I wouldn't expect Trump to be able to answer that. I wouldn't actually have expected Obama to be able to answer that except in vague generalities unless he'd just been briefed and knew he'd be expected to remember the information. It's like asking if you know your 2nd child's 3rd favorite toy's lead content--have you seen the test reports. If you say "yes," that, itself, is a problem.
The companies themselves have done at lot.
The US government has set standards and tests against them.
The energy industry has gone on record saying that the government should do more. Since that means "the government should do more to protect our company's infrastructure," I don't ever see that bit going away. "No, please, don't give us stuff and money to make our infrastructure more robust, no strings attached" is not something I expect anybody to say ever unless they're true die-hard ideologues.
Of course, since there isn't just one set of software and equipment in use, there's not likely going to be a one-size-fits-all solution. But one of the things they hit on a few years ago was taking much of the equipment off line; or, rather, making it part of a separate network, possibly with dedicated connections, that can only be hacked by means of physically digging up the wire and patching into it or by putting a transmitter/receiver in the path of the narrow-beam microwave data transmission.

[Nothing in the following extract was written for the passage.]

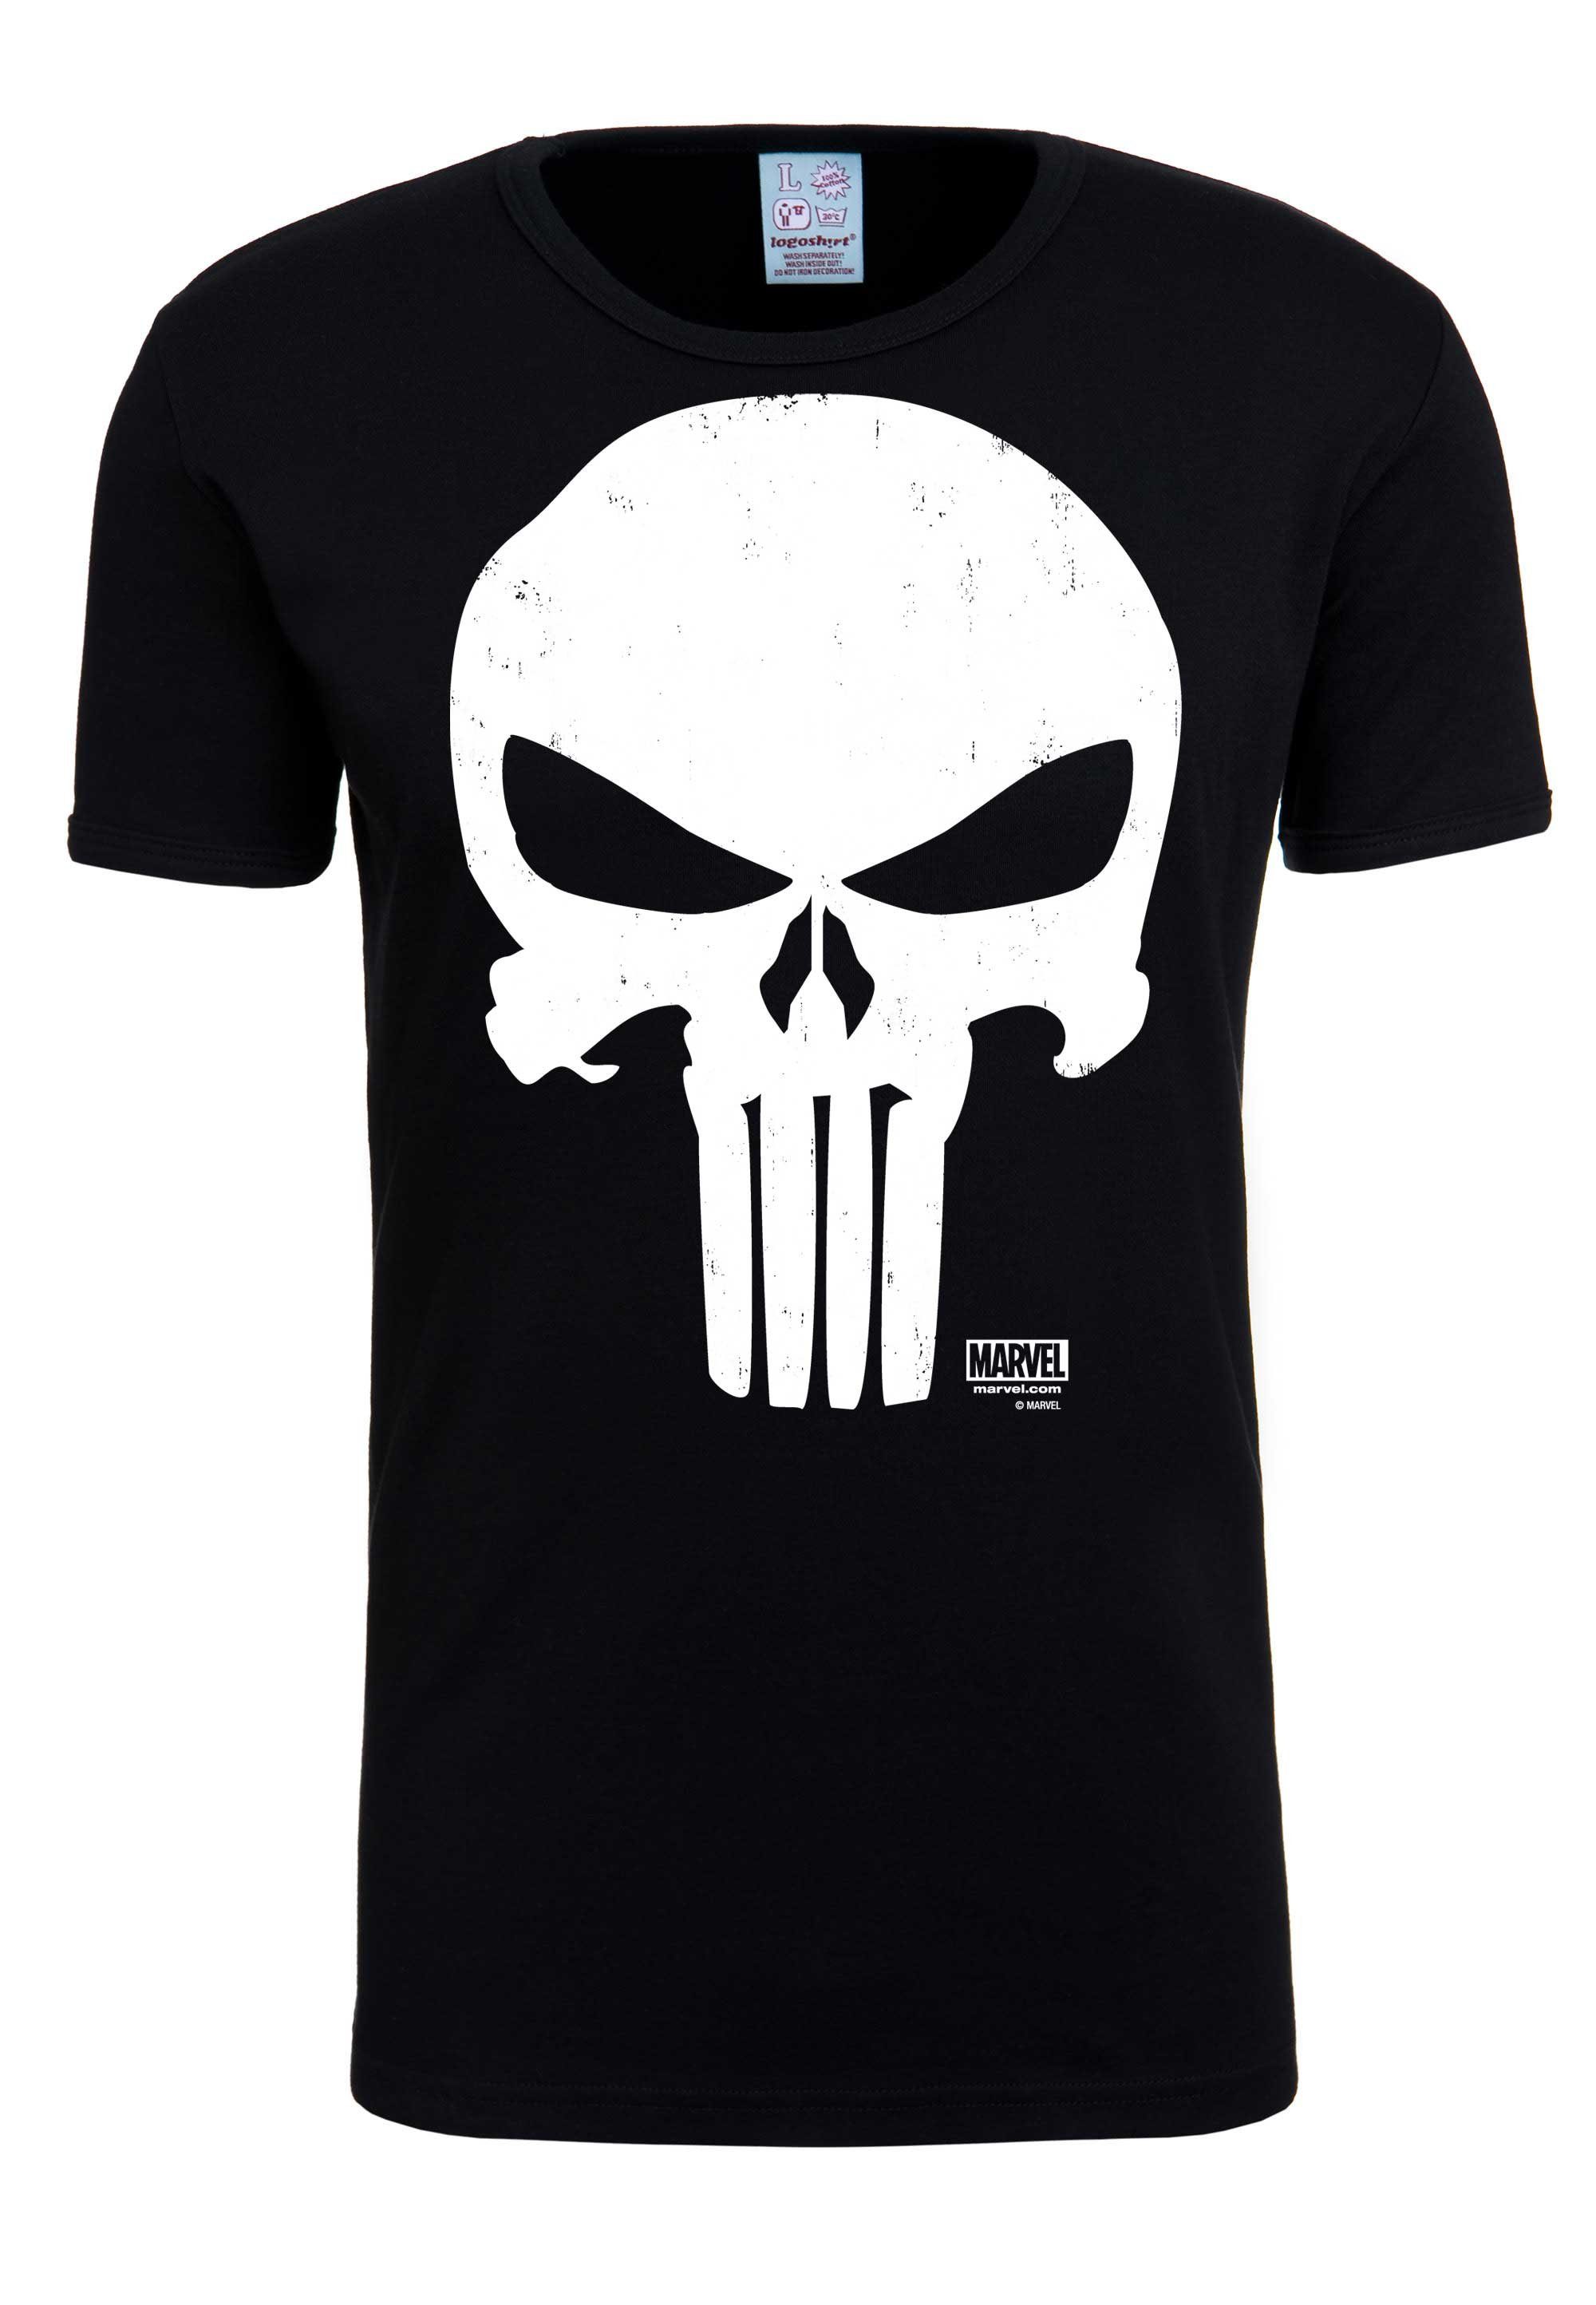 Punisher-Print - LOGOSHIRT Marvel T-Shirt Punisher großem mit

Which, of course, brings to mind an article I read about two years ago now when a Russian consulate in the NW was shut down: The article predated the shutdown by months and asked why, exactly, it was known that so many Russians with connections to that consulate (the one in SF?) had been observed standing or frequently visiting certain locations throughout the west--locations which, when checked, turned out to be where secure data transmission lines were, the location of data junctions, places where there were high-tension cables or pipelines carrying essential materials. In the desert, at the beach where data cables came onshore, wherever the infrastructure sites were. Were they there just to say, "See? We know where they are?" To say, "Gotta wonder why we're here so much--worried yet?" Or were they actually engaged in something beyond that surface level of spy craft. I mean, if the press knew and had pictures, you'd assume that the US government had some clue. Or maybe the US government didn't have a clue and that was the point--checking to see if the Cracker-Jacks decoder ring had finally arrived in the NSA or FBI's mailbox to help them improve on playing Junior Birdman. (Okay, too many 1930s references in that. Back on topic, Igel!)
Various people on government committees that look after these things say that more needs to be done--but frame that as, "They're always evolving new strategies, we're always changing our interfaces and technologies, so you can never be done." Which is true, but it's sort of a mindless criticism when talking about an open-ended task. Like asking the Superbowl teams on game day if they think they trained enough. Idiots answer "yes," which doesn't actually mean "enough" but subs for "we trained all we could or were about to, so stop trying to make us doubt ourselves."
Some of those people who spoke to reporters are on committees that are interfaced with organizations much of whose work is classified. At that point, you don't want them or Trump to be saying what's being done--if the GRU knows about it, meh. If they don't, why tell them? And if you say the wrong thing, you may point them to where work isn't being done, sort of a big red flashing arrow saying, "Hack here!" That was true in 2015 as in 2017.